The analysis of emissions of GHG was carried out by first solving the synthesis problem without constraining the maximum value of the CO₂ vertex. The CO₂ released in this condition constitutes the maximum value for GHG emissions in this problem. Subsequently, various cases are defined by decreasing the maximum acceptable flow of CO₂ below this value and evaluating the different operating states and capacities for the set of solutions. Different values for limiting CO₂ were assessed, and those solutions that presented significant changes in the structure, in the operating state, or the economy of the process were noted. A total of 5 selected cases are presented here. Case 1 corresponds to that where no constraint is contemplated for the CO₂ node, and the other 4 cases have a reduced maximum acceptable flow of CO₂.

A discussion of the particular cases is presented below. Additionally, a summary of the best solutions in terms of profit for each case is shown in

Table 5. Best solutions in terms of profit for 5 selected cases of maximum CO₂ emission.

Characteristic	Units	Reference Stream	Case 1	Case 2	Case 3	Case 4	Case 5
CO2 emission	kg/day	CO2 eq.	40,300	39,000	30,000	25,340	20,000
Profit	EUR/day		853.64	712.88	341.72	0.26	−668.00
Boiler capacity	kWh	Steam	12,000	12,000	12,000	12,000	9031.3
CHP capacity	kWe	Electricity	0	529.2	3582.7	5000	6383.9
Chiller	kWc	Cooling	1500	1500	1500	1500	1500
RO unit capacity	t/h	Purified water	125.5	125.45	125.6	126.16	127.62
EGDA	t/h	Treated brine	80	80	80	80	82
Imported electricity	MWh/day	Electricity	183.6	176.97	128.71	103.23	73.12
Water storage tank	t		66	66.2	61	52.4	34.5

. The supplementary material presents more detailed information about the designs described in the following sections.

4.1. Case 1. No Limitation of CO₂ Emissions

The software was used to identify the first 200 solutions when no constraint is placed on CO₂ emission. Moreover, the optimal solution was generated in 4.4 s using an 8 GB RAM Intel Core i5 PC. The best solution for this first case, results in a profit of EUR 853.64/day with a total emission of 40.3 t CO₂ eq./day

For this design, all electricity required by the plant is imported, so the purchase of CHP unit is not suggested. This is a result of the parameters of the case study, for which, internal production of electricity is less profitable than its importation. The total value of imported electricity was 183.86 MWh during the day, with a maximum value of 10.68 MWh in periods 11, 12 and 13. The solution that exhibited the best economic performance does not suggest purchasing a tank for HCl storage, as such a tank would require expensive material. The operating state of the units in this solution is illustrated in Figure 6 where the state of each process unit is represented as a percentage of its maximum capacity for each period. In this figure period 25 stands for the end of 24th period. This figure also presents in the second axis the amount of material stored at the beginning of each period. The material stored at period 25 (end of the last period) must match the amount stored at the beginning of the initial period to achieve cyclic operation.

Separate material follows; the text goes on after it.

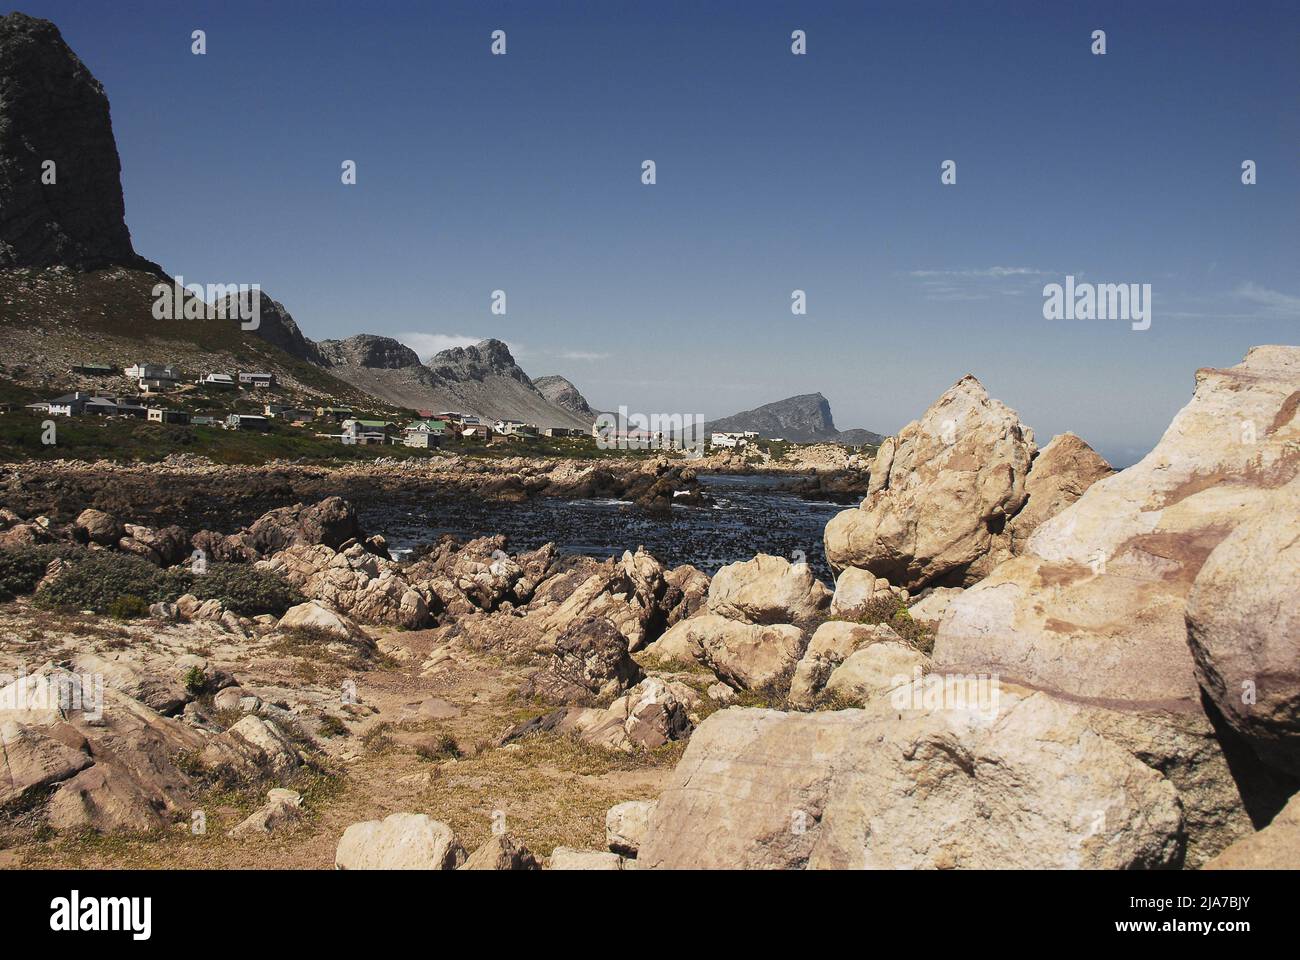 Panoramablick auf die Häuser in der Siedlung Rooi-Els zwischen hohen Bergklippen und der felsigen, zerklüfteten Küste Südafrikas. Stockfoto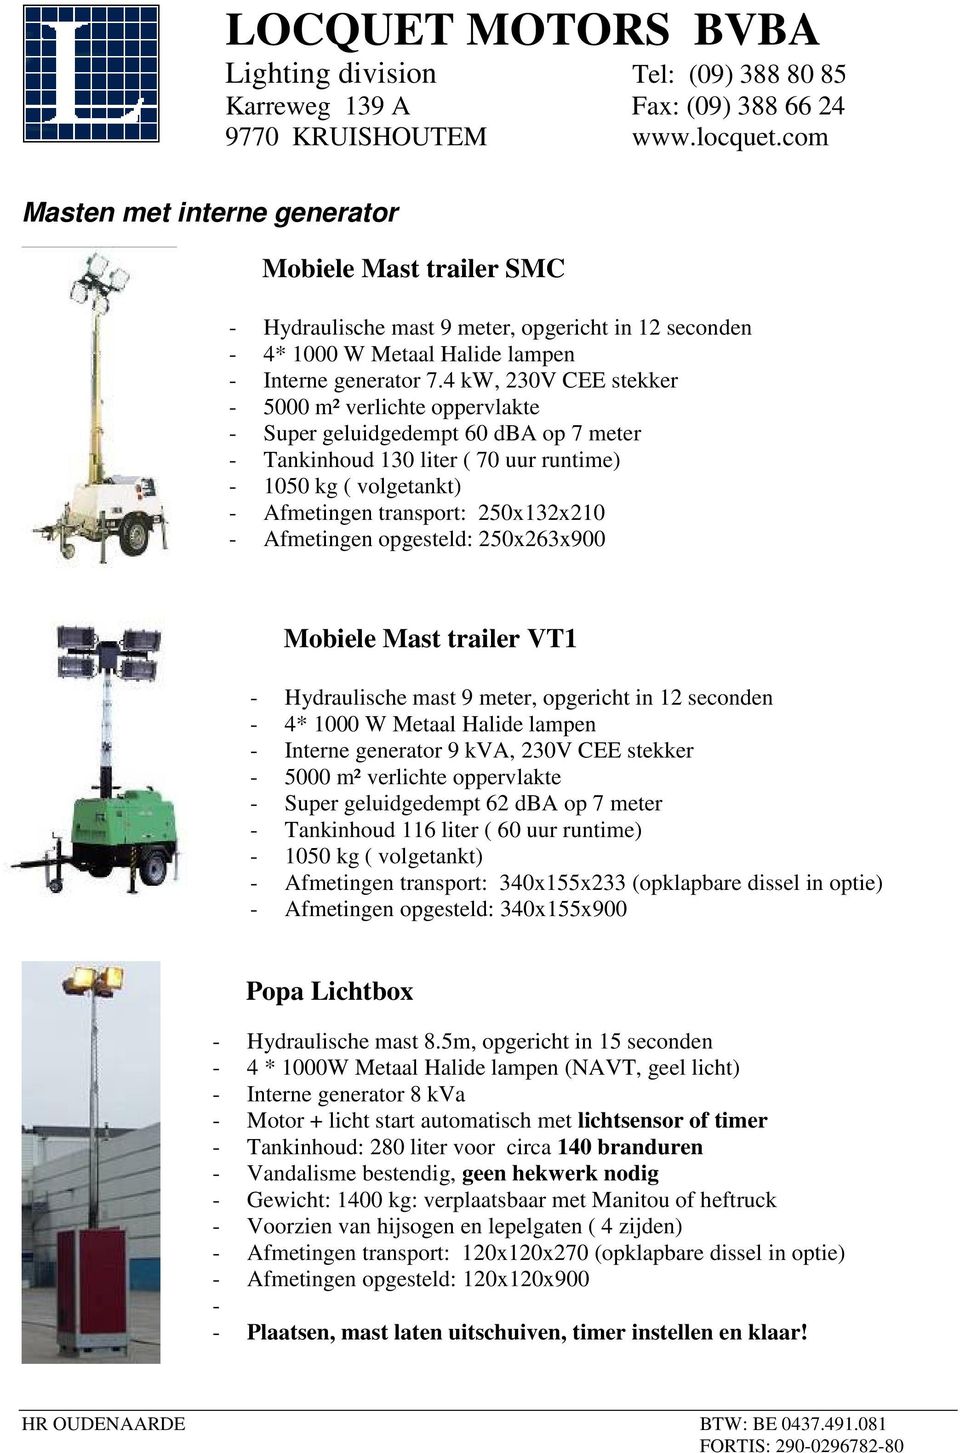 Afmetingen opgesteld: 250x263x900 Mobiele Mast trailer VT1 - Hydraulische mast 9 meter, opgericht in 12 seconden - 4* 1000 W Metaal Halide lampen - Interne generator 9 kva, 230V CEE stekker - 5000 m²

All solutions found for the case with no limit on CO₂ emission include a mild steel storage tank for purified water. Figure 6 illustrates that for the most cost-effective solution, the tank should be partially full at the beginning of the day and is depleted up to the 6th period. Then, it is loaded from period 7 to period 18, reaching its maximum capacity at the beginning of the 19th period. Storage is filled during these periods because the working capacity of the boiler is reduced, and the unused water can be saved in the tank. Since the steam demand is higher from periods 1 to 6, and from periods 19 to 24, the boiler works at full capacity; stored water is employed in these periods to supply water together with the RO unit. As a consequence, the RO unit can have a smaller size compared to the solution where no storage is employed. This strategy reduces the overall cost.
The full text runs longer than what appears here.